I nodded slowly. “Okay. Thanks. Go and rescue Hadleigh from Bettie, would you? I don’t want him distracted, in case someone tries to make a break for it.”
He laughed and wandered away on his mission of mercy. And I moved off among the packed immortals, hitting them all with the same questions, over and over again. Where were they when the murders happened? Who were they with? What did they see? Most had alibis, or said they did, and no-one had seen anything. Most of them were too shocked and upset even to think of giving me attitude, but a few still refused to talk to me, on principle. I let them get away with it. The more I thought about the killings, the more convinced I became that I was missing something.

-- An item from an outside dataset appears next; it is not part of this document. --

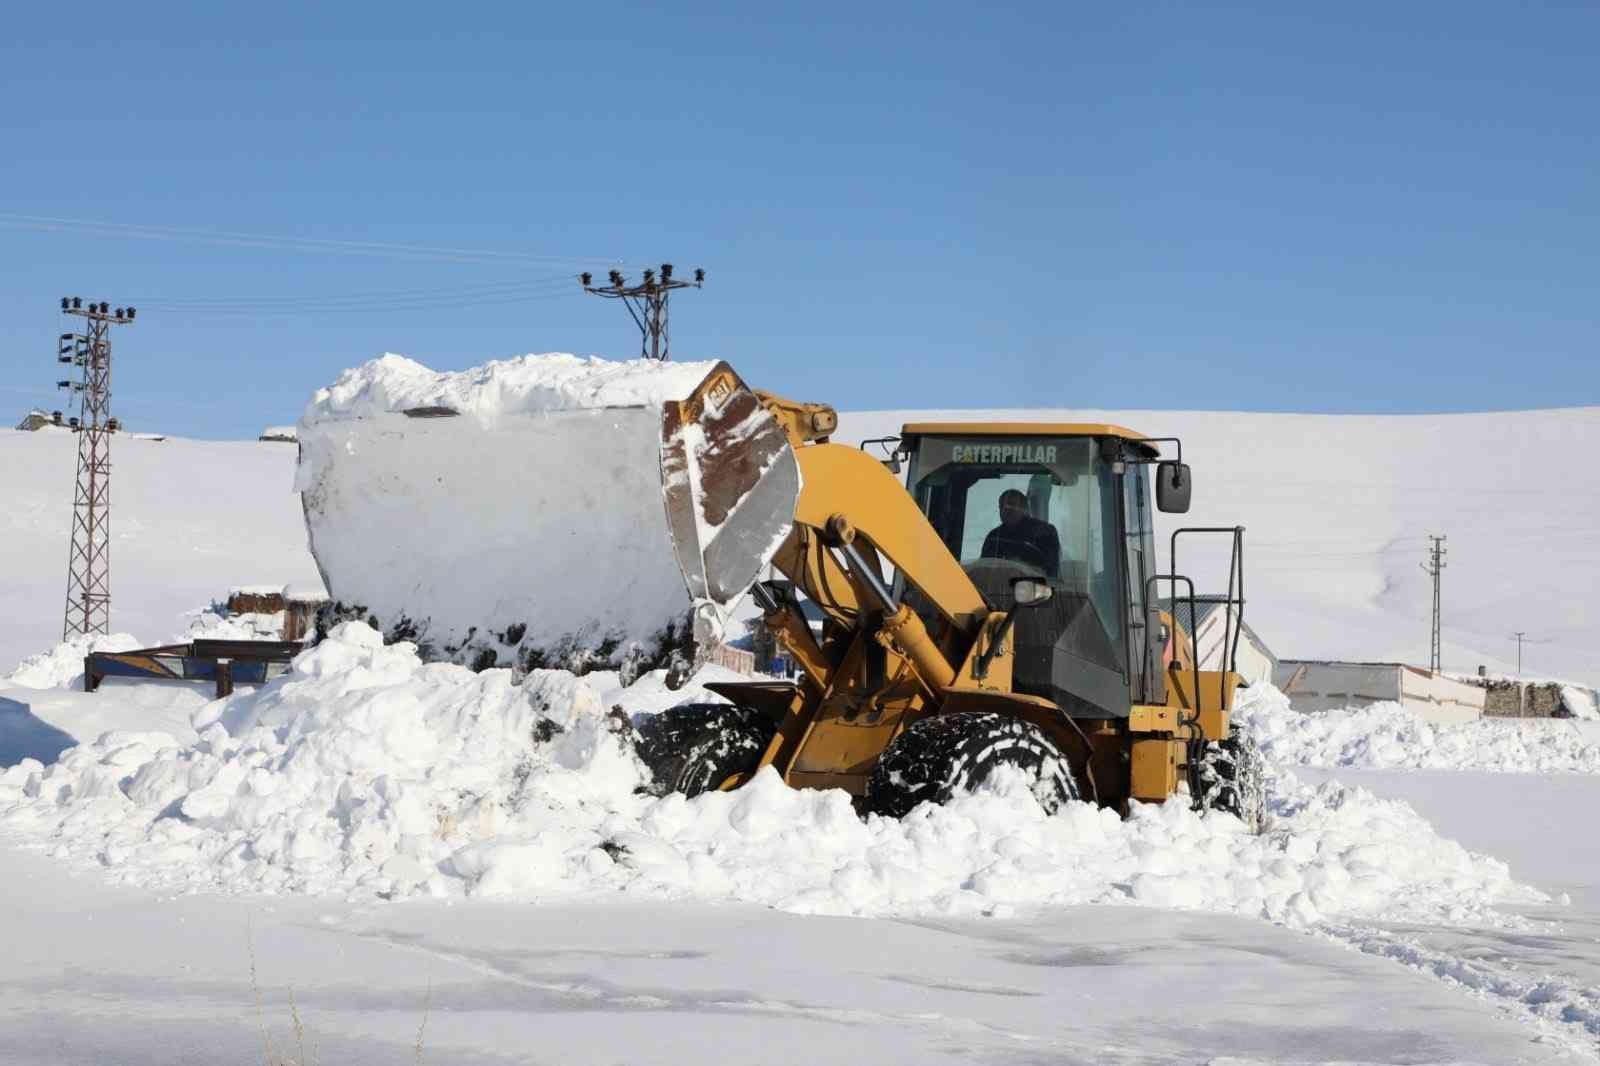 Ağrı’da Kar Kaplanları kapanan yollar için seferber oldu #agri

I even questioned the waitresses in their French maid outfits, huddled together for security behind the buffet tables. But all they’d had eyes for was Dead Boy making a pig of himself. None of them had seen anyone near King of Skin. None of them had wanted to get anywhere near him. Which was understandable. One of them said she thought she’d seen the Lord Orlando somewhere at the buffet, not far from King of Skin, but couldn’t be sure when. That was enough to point me back in his direction. The Bride had said she’d seen him approaching her not long before she was attacked.
I did my best to question the Lord Orlando, and he did his best not to burst into tears at the very indignity of it all. Mistress Mayhem and another immortal called Polly Pariah insisted that he’d been boring their arses off right when Springheel Jack screamed, some distance away. I couldn’t see why either of them should lie.

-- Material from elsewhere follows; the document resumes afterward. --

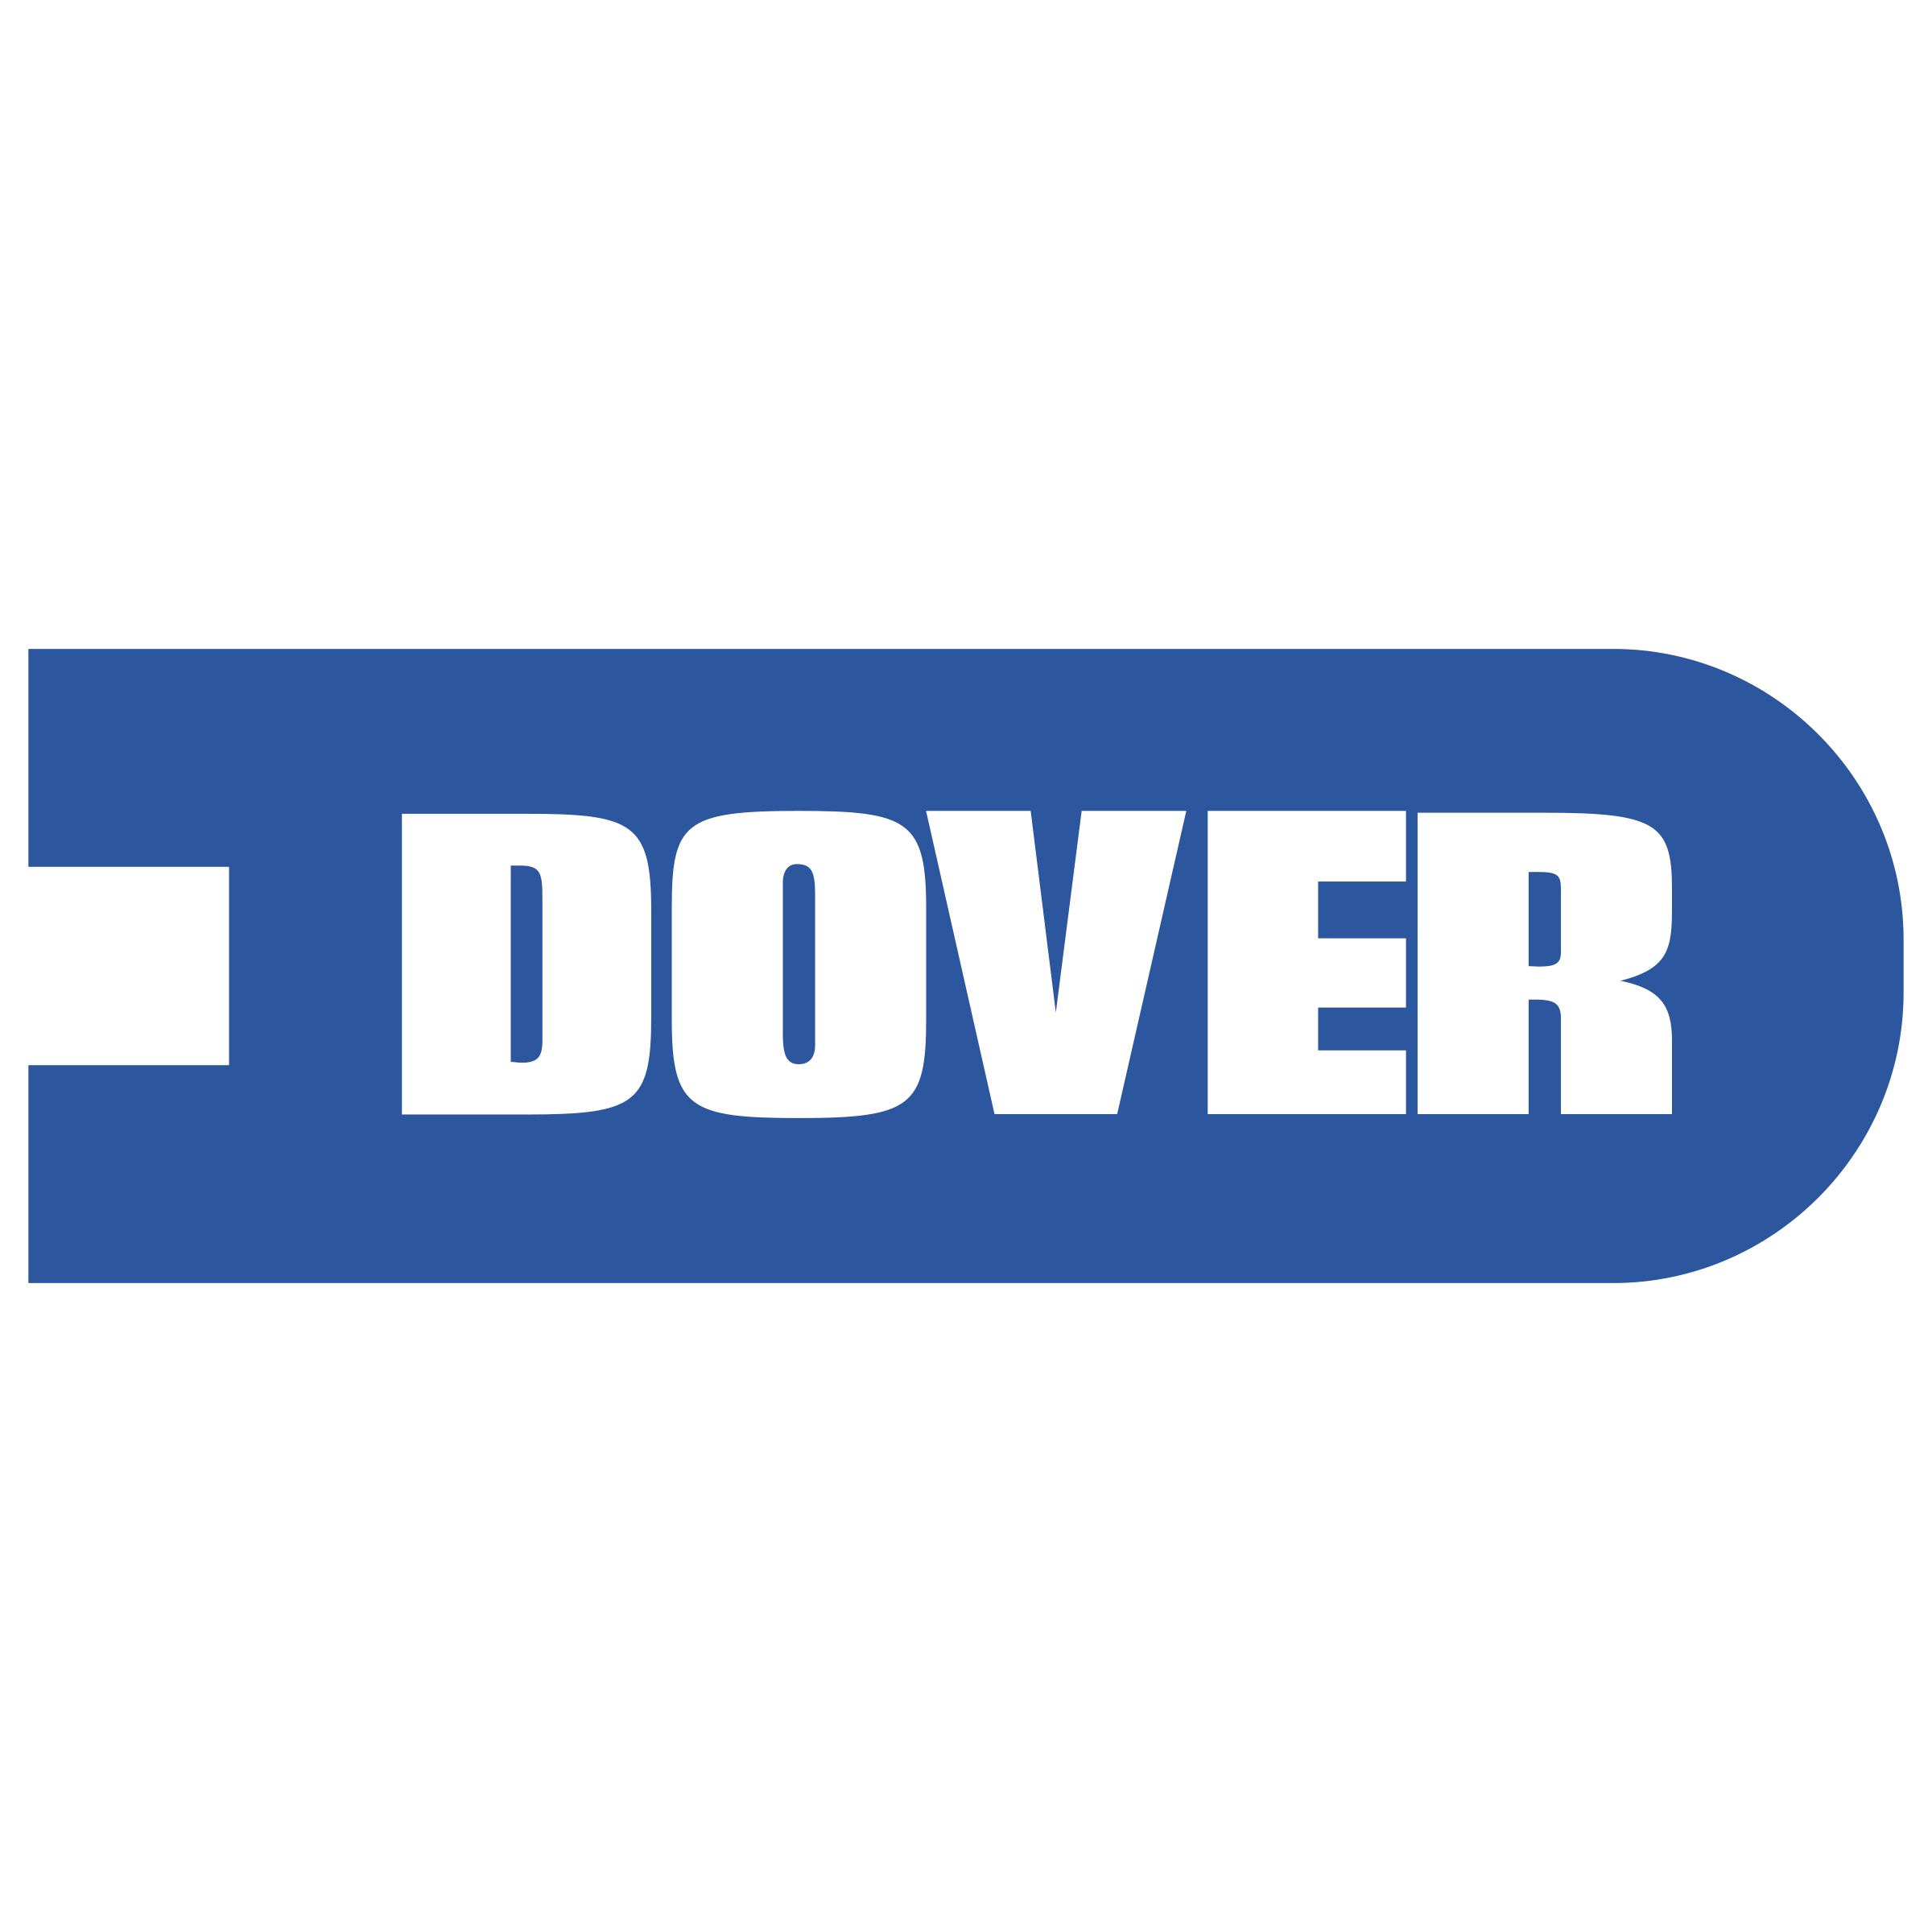 Dover Logo - Dover Logo PNG Transparent & SVG Vector - Freebie Supply

I ended up back at the buffet table, chewing on a barely warm pig in a blanket, and thinking hard. If I had to point a finger at anyone, it would be Rogue, but why would he want to kill King of Skin? He didn’t know him; and given that this was the first time Rogue had ever been to the Ball of Forever, the odds were he didn’t know anyone. He came to make friends, or so he said. Though his family didn’t exactly have a good track record in that regard.

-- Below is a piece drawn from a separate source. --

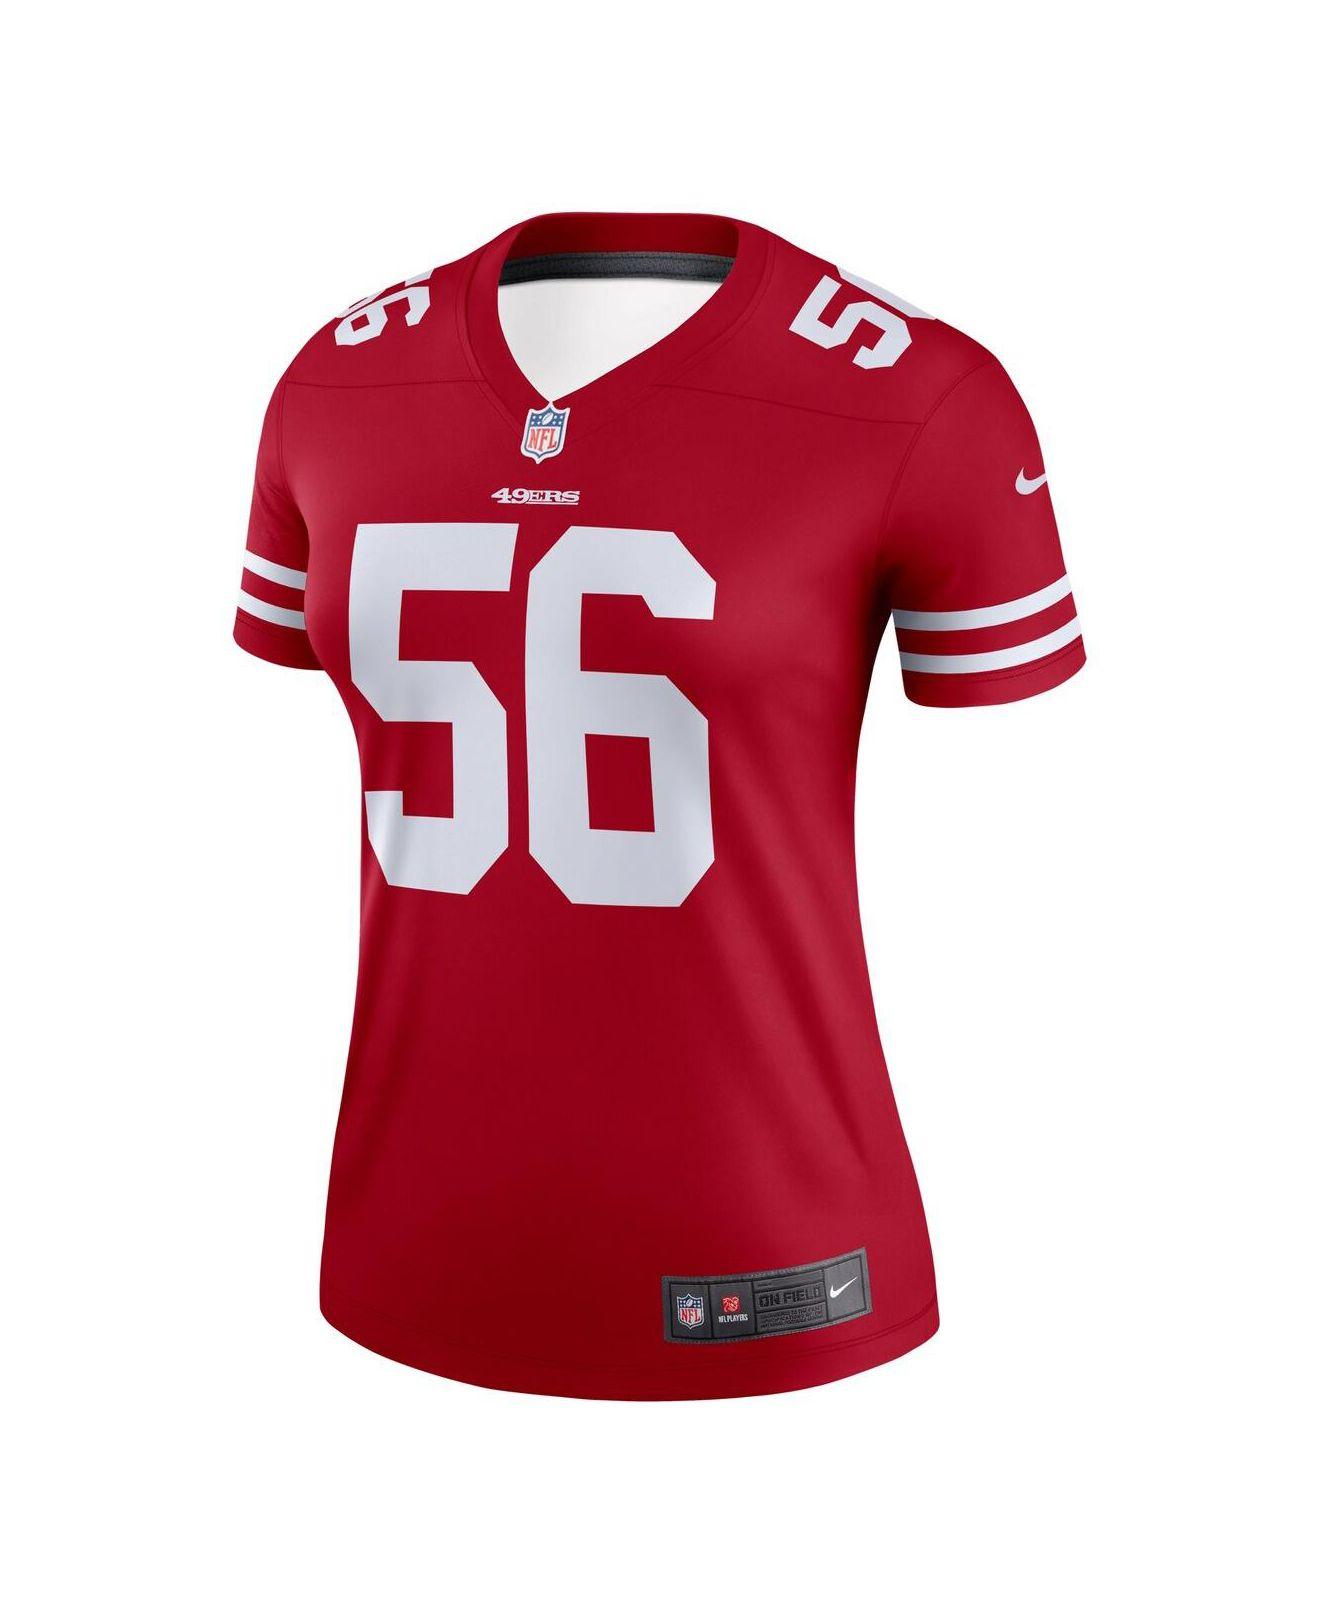 women's kittle 49ers jersey

All right. Since I wasn’t getting anywhere with the suspects, maybe I could do better with the murder weapon. I couldn’t use my gift to find it without discovering something unique about it, something my gift could lock on to . . . But I did have something! With this second attack on the Bride, the weapon was the only thing common to both attacks, which meant I could find it! I raised my gift and concentrated, and immediately my head snapped round, to look down the length of the buffet table. I strode down it, following the tug of my instincts, until my gift brought me to a large open jug of dark red wine. The one I’d suspected was full of blood. It stood there, in the middle of a great many other bottles and jugs and flasks donated by various immortals, apparently innocent, looking no different than any of the others; but my gift was telling me otherwise. I leaned over the jug and studied its contents carefully. There was a definite dark shadow, deep in the dark red contents. I reached in, with a thumb and forefinger, gripped on to something hard and unyielding, and pulled it out.
I held it up before me. It took me a moment to realise what it was—a jagged-edged piece of mirror glass, dripping red wine. Not a knife after all, then, though the edges were certainly sharp enough to do real damage. In fact, the whole shard was so sharp everywhere, I was hard put to see how you could hold on to the thing without lacerating your own hand. And no-one in the room had shown any damaged hands . . . I jumped a little as I realised Bettie Divine was standing beside me, smiling brightly.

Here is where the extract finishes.